The Windscale plant fire accident on October 10, 1957 was Britain’s most severe nuclear accident. The Windscale nuclear reactor plant was producing plutonium for the UK to make its atomic hydrogen bombs. Britain used the first explosive material to test its first atomic weapons in Australia. The test was done on October 3.

How The Fire Started

The Windscale plant had two nuclear reactors. After a routine heating of the first reactor, the graphite control block lost control and the adjacent uranium cartridges raptured. Uranium released from the rapture began to oxidize, releasing radioactive debris. The result was a fire. The flaring fire burned for over 16 hours before it was successfully put out.

The Aftermath

The reactor core was left with around ten tons of radioactive energy. The fire effects were not felt just in the plant; the atmosphere was also affected. A lot of radioactive iodine was released into the air. As a result, no one could even sell milk produced within 200-square-mile of the plant.
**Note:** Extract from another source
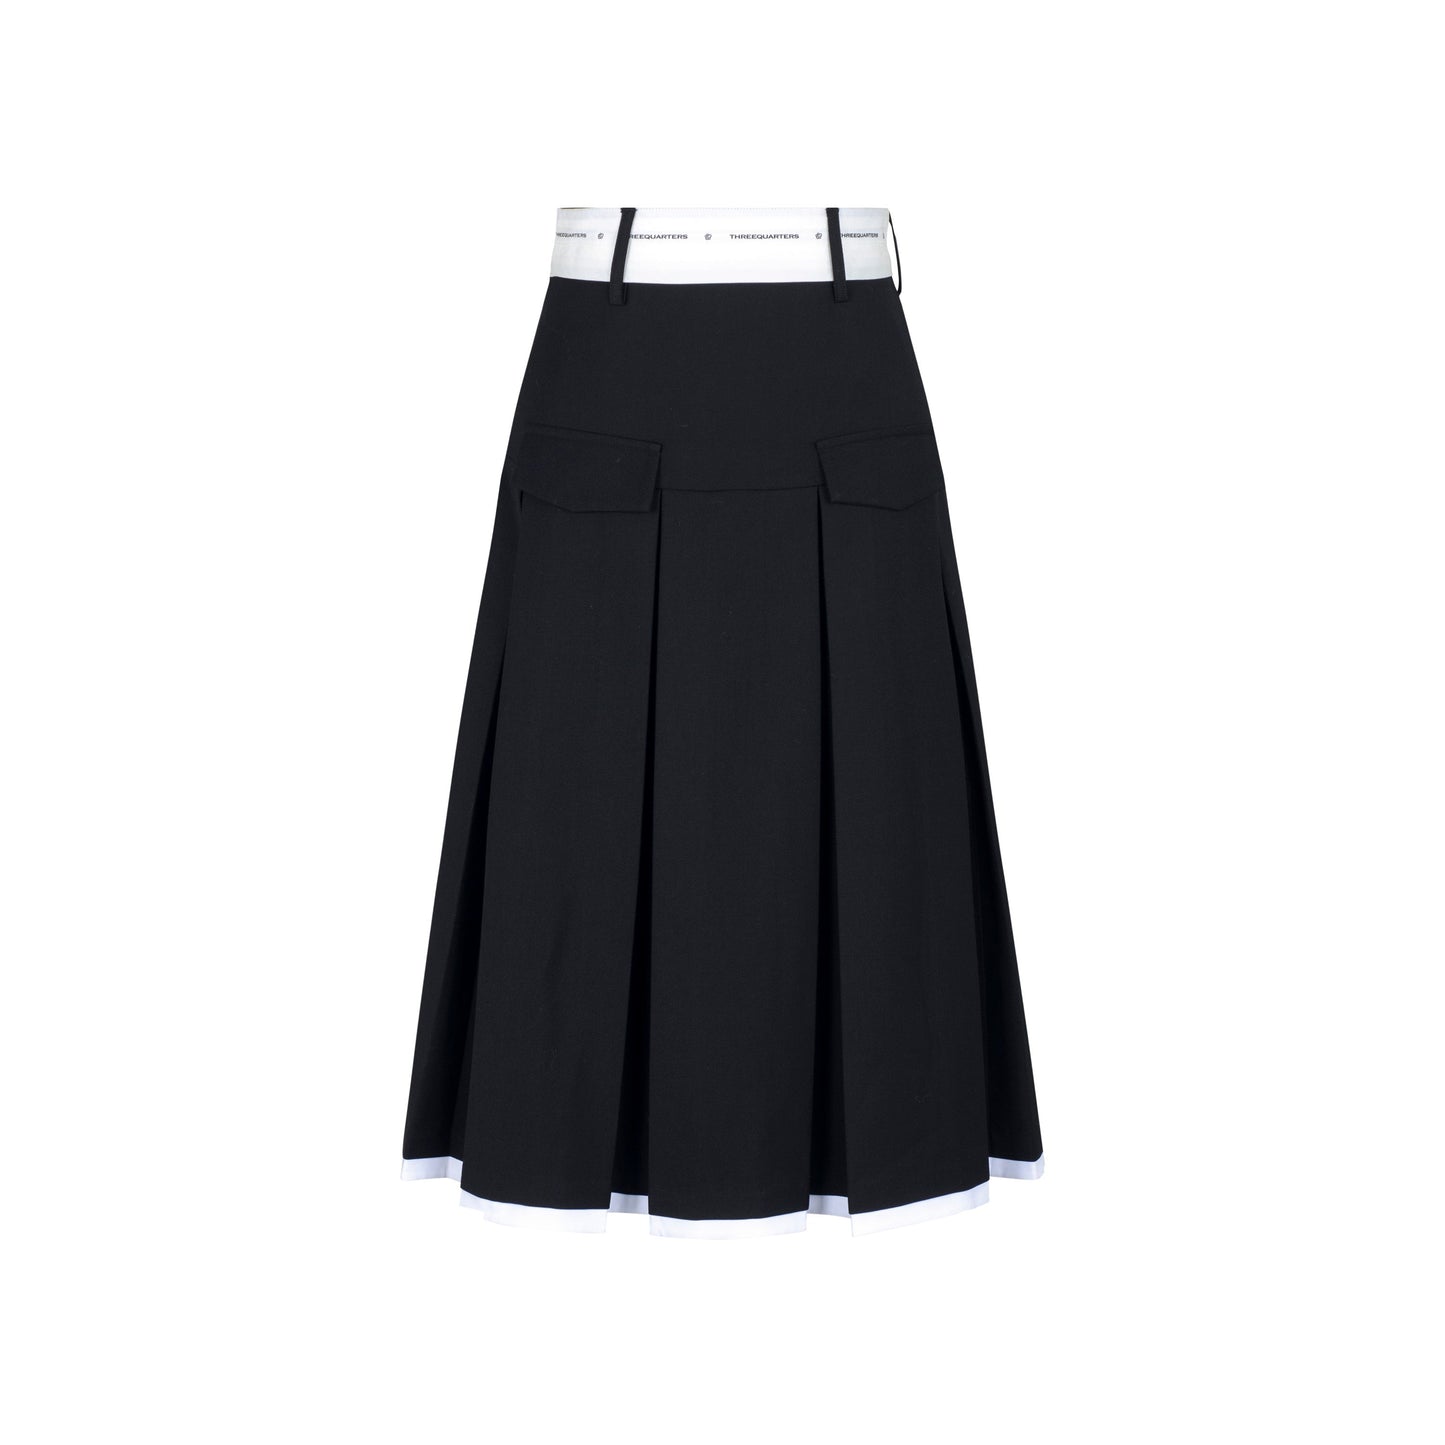 THREE QUARTERS Clashed Backless Top and LOGO Pleated Skirt Black

Eventually, the radioactivity caused over 190 cancer cases, with over 100 of the cases being fatal.

A Second Fire?

After a few years, it was noticed that something was going on when around 2,000 to 3,000 employees of Calder Hall and Windscale returned home. On the gates of both Windscale and Cedar, security guards were placed but without restrictions on the fences.

Soon it became clear what was happening. The uranium cartridges’ temperature rose to 500 degrees centigrade, nearly double the average temperature. The rapid oxidation of uranium caused radioactive particles in the form of vapor to escape through filters on the chimney top.